For these reasons, deep learning is widely seen as key to continuing progress on a wide range of artificial intelligence tasks including natural language processing, so of course it is of great interest to us here in the GATE team. Classic GATE tasks such as entity recognition and sentence classification could be advanced by utilizing an approach with greater potential to learn a discriminative model, given sufficient training data. And by supporting the substitution of words with "embeddings" (DNN-derived vectors that capture relationships between words) trained on readily available unlabelled general or domain-specific data, we can bring some of the benefits of deep learning even to cases where training data are meagre by deep learning standards. Deep learning is therefore likely to be of benefit in any task but the most trivial, as long as you have the skills and a reasonable amount of data.
The Learning Framework is our ongoing project bringing current machine learning technologies to GATE, enabling users to leverage GATE's ecosystem of text processing offerings to create features to train learners, and to include these learners in text processing pipelines. The guiding vision for the Learning Framework has always been to offer an accessible interface that enables GATE users to get up and running quickly with machine learning, whilst at the same time supporting the most current and interesting of technologies. When it comes to deep learning, meeting these twin objectives is a little more challenging, but we have stepped up to the plate!

Deep learning framework in the GATE GUI
Previous machine learning algorithms would work their magic with comparatively little in the way of tweaking required. Deep learning is, however, an entirely different beast in this respect. In fact, it's more like an entire zoo! As discussed above, the advantage to DNNs is their massive flexibility, but this seriously stretches GATE's previous assumptions about how machine learning works. An integration needs to support the design of an architecture (a "shape" of neural net) and the tuning of many parameters, including dropout, optimization strategy, learning rate, momentum, and many more. All of these factors are critical in obtaining a good performance. The integration is still under (very) intensive development, but it is already possible to get something running relatively quickly with deep learning in GATE. Here are some current highlights:
  • Two of the most-used frameworks for Deep Learning can be used: PyTorch and Keras, both Python-based;
  • Support for both Linux and MacOS (Windows is not yet supported);
  • A range of template architectures, which may produce acceptable results out of the box (though in many cases it will be necessary for the user to adapt the architecture, the parameters of the architecture, or other aspects of the DNN solution);
  • The possibility to work with an initial GATE-created model both inside and outside of GATE.
We encourage anyone who is interested to give it a try and to talk to us about it. There will always be more to add (current challenges include drop-out, gradient clipping, L1/L2 weight regularization, attention, modified weight initialization, char-augmented LSTMs and LSTM-CRF architectures, to name a few) but much is achievable already. This is one of relatively few efforts globally to sift the essence out of this highly active research field and transform it into something relatively high level and generalizable across a range of NLP tasks, making state of the art technologies accessible to non-specialists. There's some documentation available here.

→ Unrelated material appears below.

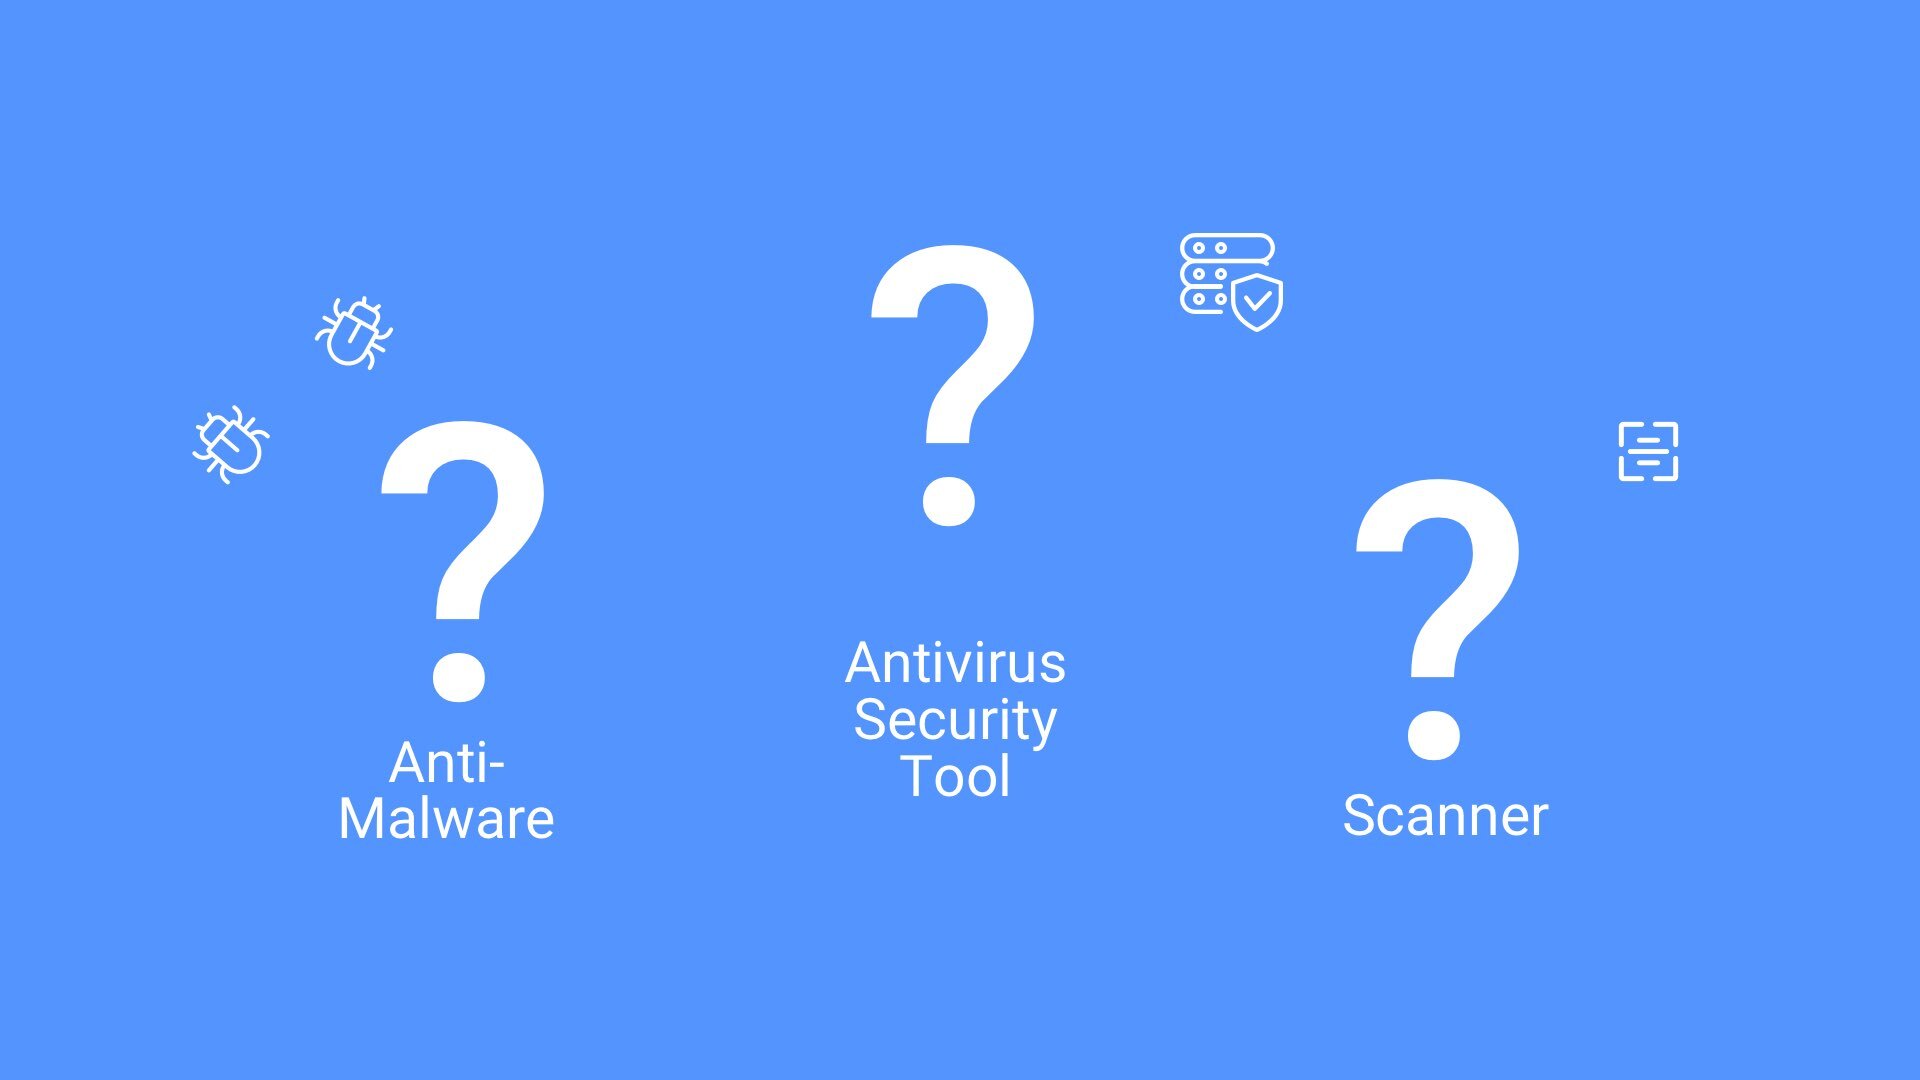 Antivirus scanner, anti-malware, antivirus program. What are they?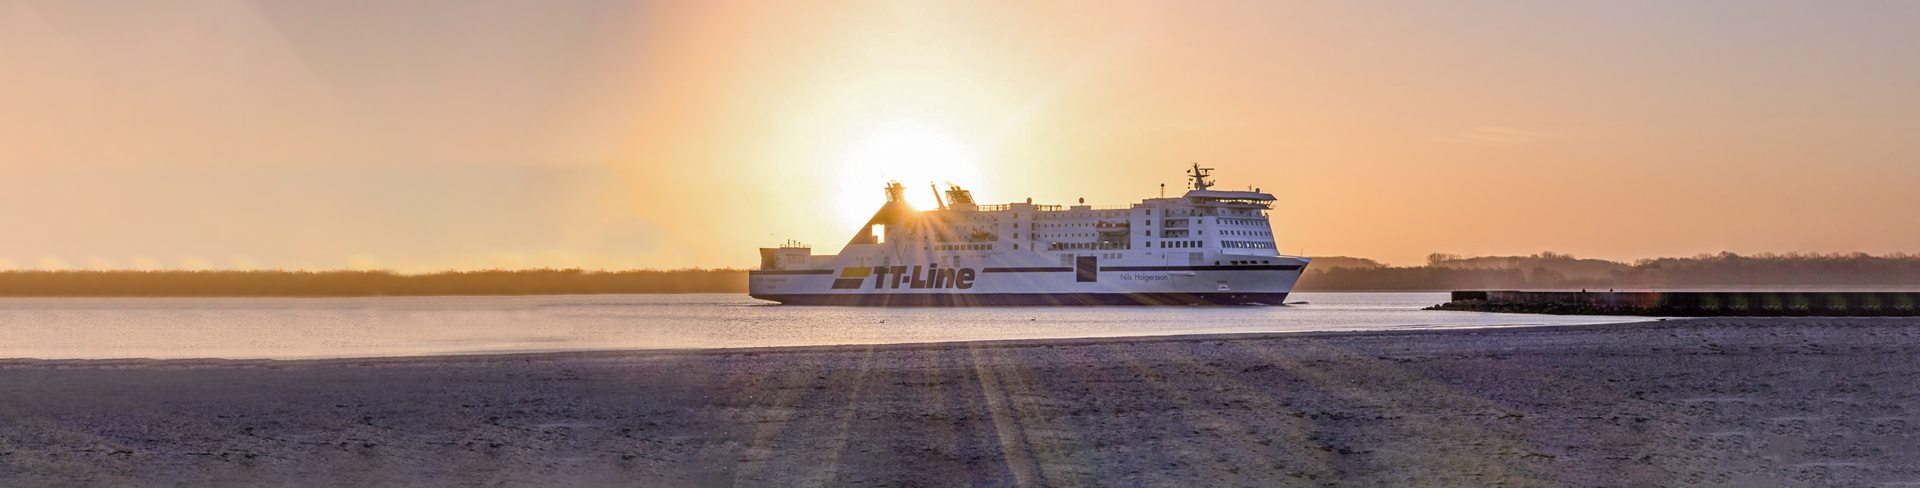 Timetable-Klaipėda-Rostock-TT-Line-ferry-Nils-Holgersson-at-see-sundown

At the same time, we've been applying deep learning in our research in several ways. In a forthcoming EMNLP paper, team member Xingyi Song and co-authors use the fixed-size, ordinally-forgetting (FOFE) approach to combine LSTM and CNN neural net architectures in a more computationally efficient way than previously, in order to make better use of context in sentence classification tasks. Together with researchers at KCL and South London and Maudsley NHS Trust, he's also demonstrated the value of this technology in the context of detection of suicidal ideation in medical records.
Furthermore, we have successfully used LSTMs for veracity verification of rumours spread in social media such as in Twitter. Our approach makes use of only the tweet content, which it passes through LSTM units that learn to distinguish between true, false and unverifiable rumours. However, the unique part of our approach is that prior to passing the tweet to the LSTM layer, it first looks within the tweet for some recurring information that is typically used by others to spread rumours, and makes adjustments on the input--words carrying useful information are kept as they are, and others are downgraded in terms of contribution. This is achieved through attention layer implementation. We evaluated our approach on the RumourEval 2017 test data and achieved over 60% accuracy, which is currently the state-of-the-art performance for this task.
*Graphics Processing Units; technology driven by the demands of computer gamers that has been used to speed up deep learning approaches by as much as 250 times compared with CPUs.
Title artwork from
Categories: Blogroll

What matters most to people around the world? Using the GATE social media toolkit to investigate wellbeing.

As part of the EU SoBigData project, the GATE team hosts a number of short research visits, between 2 weeks and 2 months, for all kinds of data scientists (PhD students, researchers,  academics, professionals) to come and work with us and use our tools and/or datasets on a project involving text mining and social media analysis. One such visitor was Economics PhD student Giuliano Resce from the University of Roma Tre in Italy. During his month-long visit, he worked with Diana Maynard on a project collecting and analysing millions of public tweets in 7 different languages, in order to understand the different societal priorities of people in different countries of the OECD. The work explored the different opinions on Twitter of people around the world about societal issues such as the environment, housing and life satisfaction.

OECD Better Life Index

Giuliano first used the GATE Twitter Collector to collect a set of tweets, and then processed them with the GATE social media analysis toolkit, using GATE Mimir to investigate the results. Topics were determined using the initial set of OECD topics, in 7 languages, which we then expanded for each language into a set of keywords for each topic using first existing lists from the GATE political tweets analyser and then Word2Vec to find more related keywords to those.
Better Life Index Topic frequency at county level in Twitter (percentage)
The ensuing analysis of the tweets then enabled Giuliano to redesign Composite Indices for the OECD’s Better Life Index, a measure of well-being which gives a detailed overview of the social, economic and environmental performances of different countries. In turn, this redesign helps to better reflect the actual needs of the people. The idea is that the aggregate of millions of tweets may provide a representation of the different priorities among the eleven topics of the Better Life Index. By combining topic performances and related Twitter trends, they produced new evidence about the relationship between people’s priorities and policy makers’ activity in the BLI framework.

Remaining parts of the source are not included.